Wait, what? Why didn't she simply walk out of the courthouse instead of first getting a marriage licence and then getting married? And getting tricked into a blood test?
None of this makes any sense.
@Sev: I am talking out of my ass here, but I wonder if it wasn't a bit of "Well, I kind of want to ,but I kind of feel like I shouldn't, so maybe I'll just say he was so persuasive I couldn't resist and kind of go along with this." It doesn't sound like she was forced in a kidnapped kind of way, just cajoled and tricked in a Hollywood-farce kind of way, which some women of that time probably thought was actually charming.
@Flackette Goes Retro: It's like Seven Brides for Seven Brothers, except replace Colorado territory with Manhattan. Draper can be creep enough to stand in for seven singing lumberjacks.
@Yahtzii: Oh god. I used to love that movie when I was a kid (my mother was seriously into Howard Keel) and watched it regularly ... then I watched it with my kids not so long ago and spent the entire time going "If You Boys Ever!!" and "Girl, Don't Put Up With!!"
Geez, that reads like a Harlequin romance - she protests, he forces her into marriage, she fights him at first, then acquiesces, realizing that she loved him all along.

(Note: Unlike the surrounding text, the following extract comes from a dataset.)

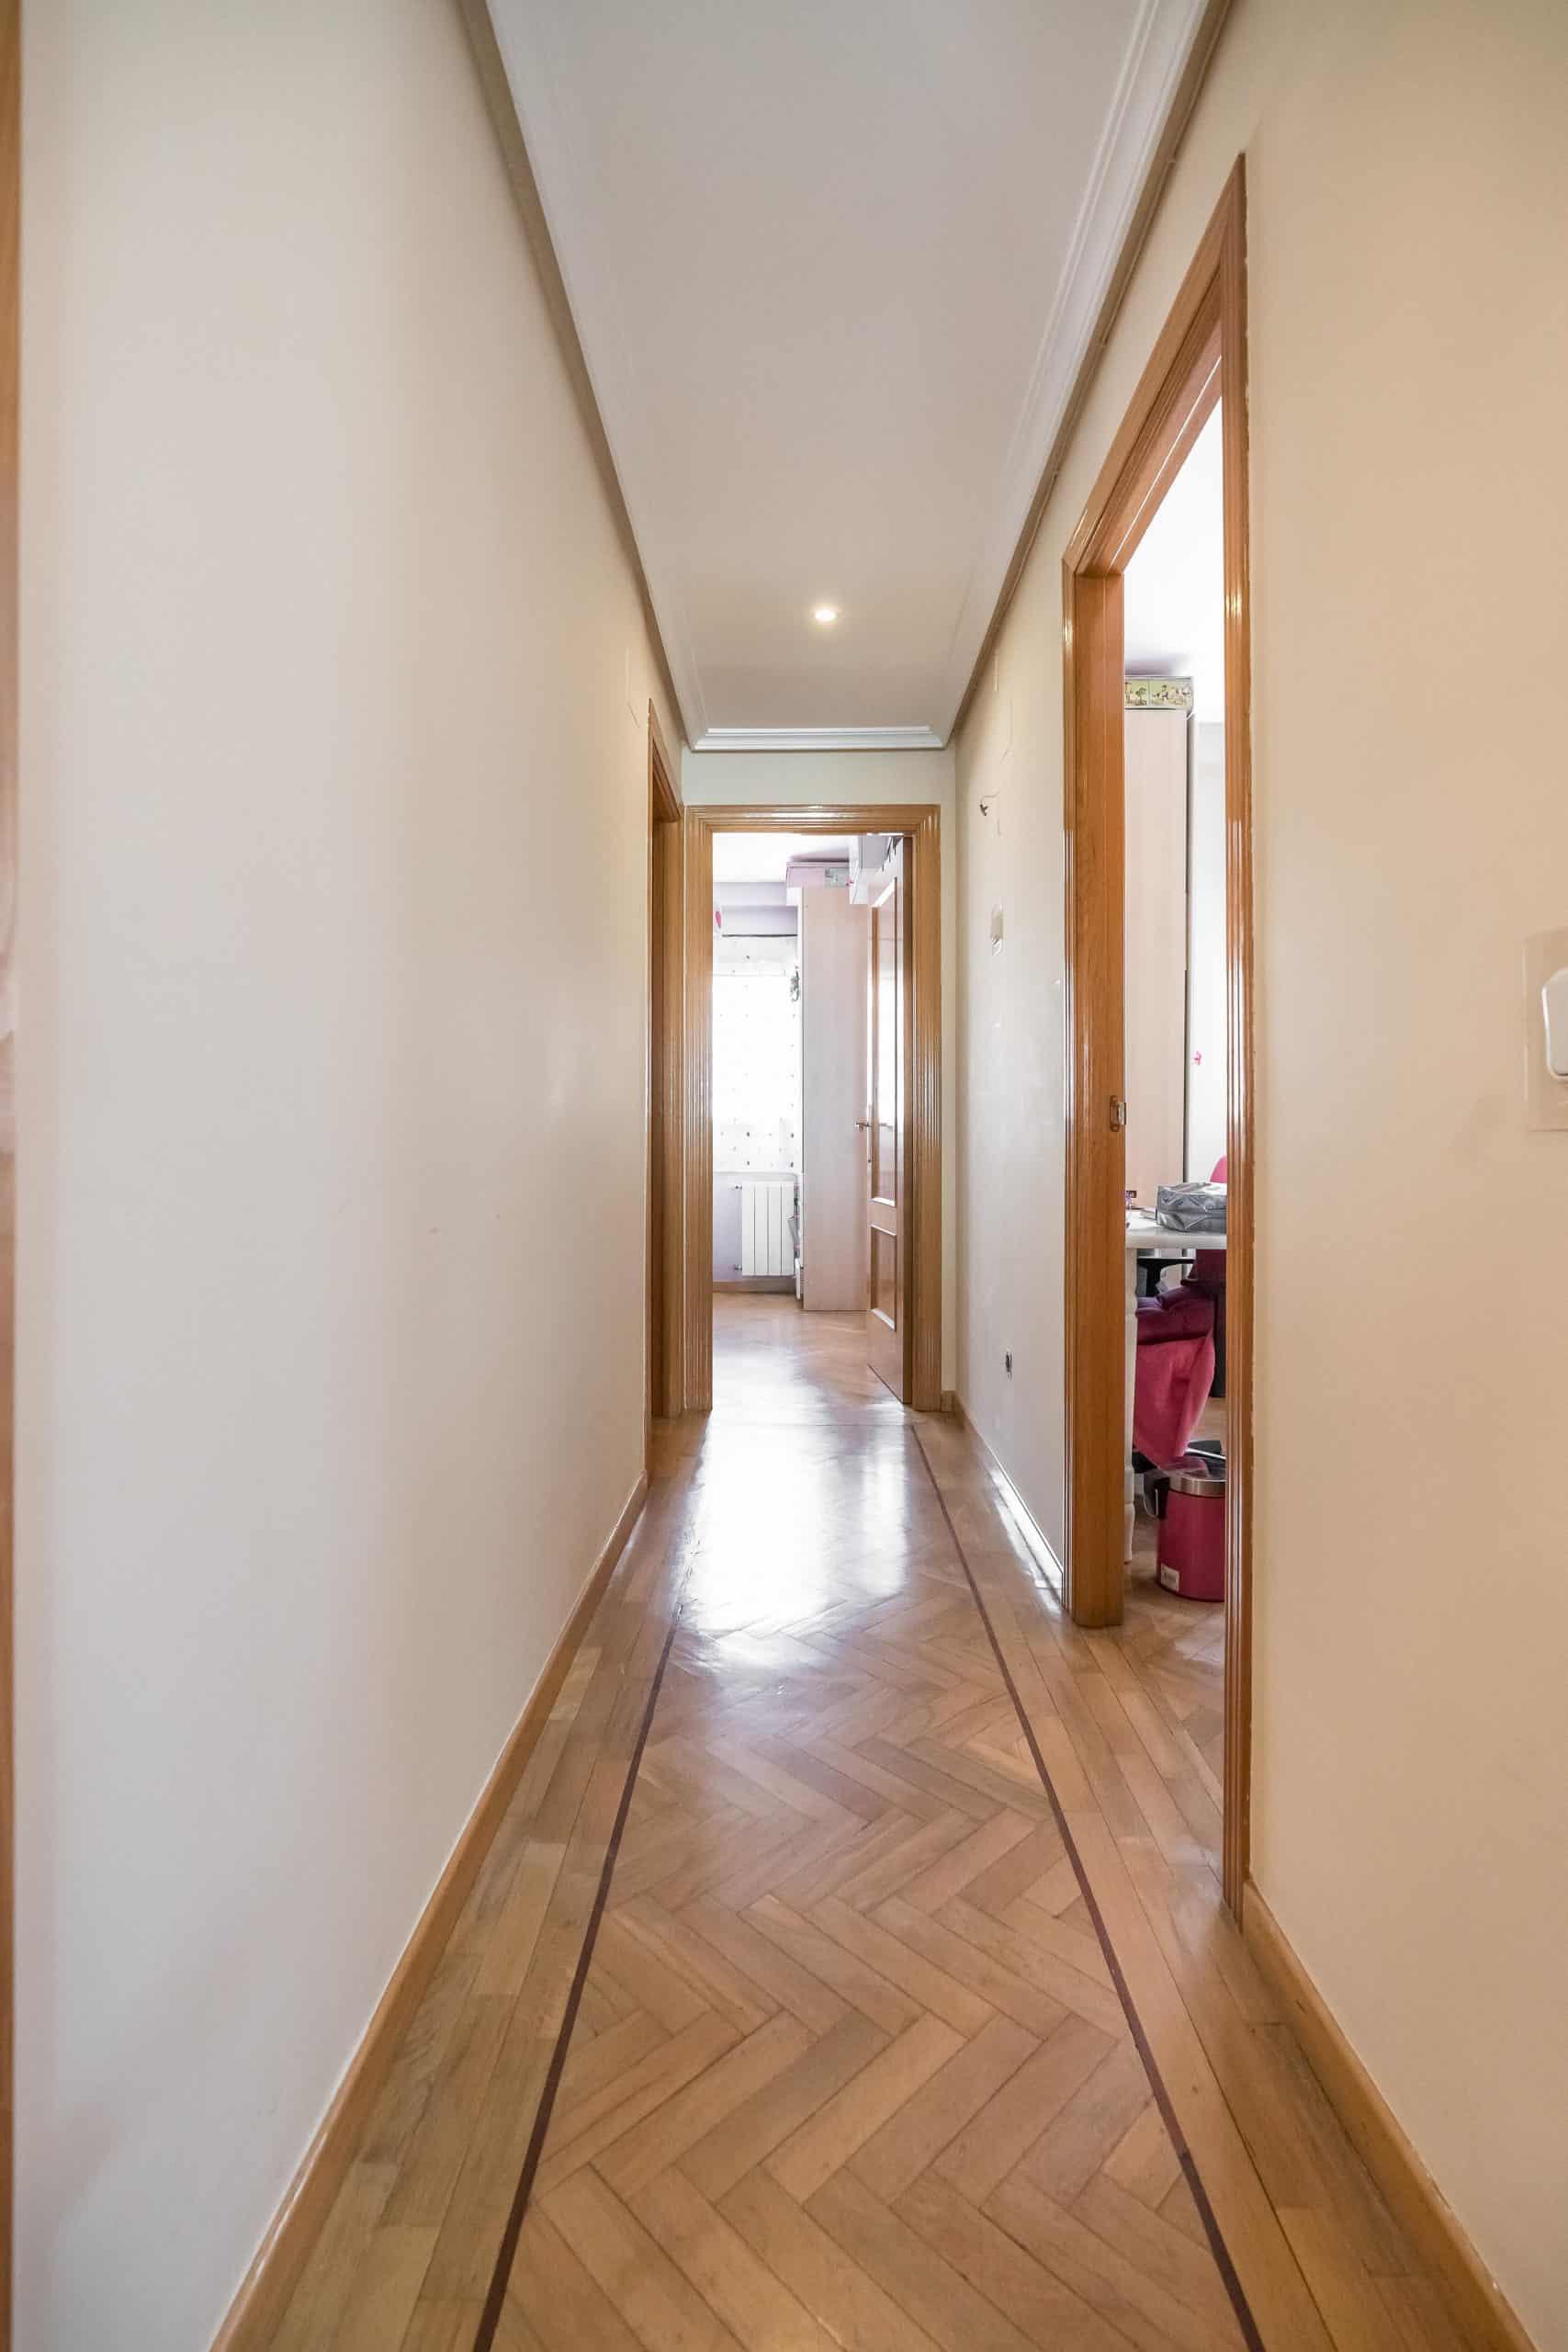 Agencia Inmobiliaria de Madrid-FUTUROCASA-Zona ARGANZUELA-EMBAJADORES-LEGAZPI1 ENTRADA PASILLO(3)

A man like this would make me crazy - but one of my best work friends is "the man of the house" and will take charge in situations that require someone to lay down the law, as it were. Recently he told the story about his very pregnant wife's (she's having a C-section tomorrow) bullying older sister insist that her kids were coming to stay Saturday (YES! 2 days after she has major surgery and a new baby at home) and he said "No. This is not happening. I will put them on the first bus home."
His wife loved it. And I've gotta admit that in that circumstance I would have given him a standing ovation.
@sybann: I don't know that that's sexist so much as just standing up for your partner while they are out of commission - which I hope both genders can do.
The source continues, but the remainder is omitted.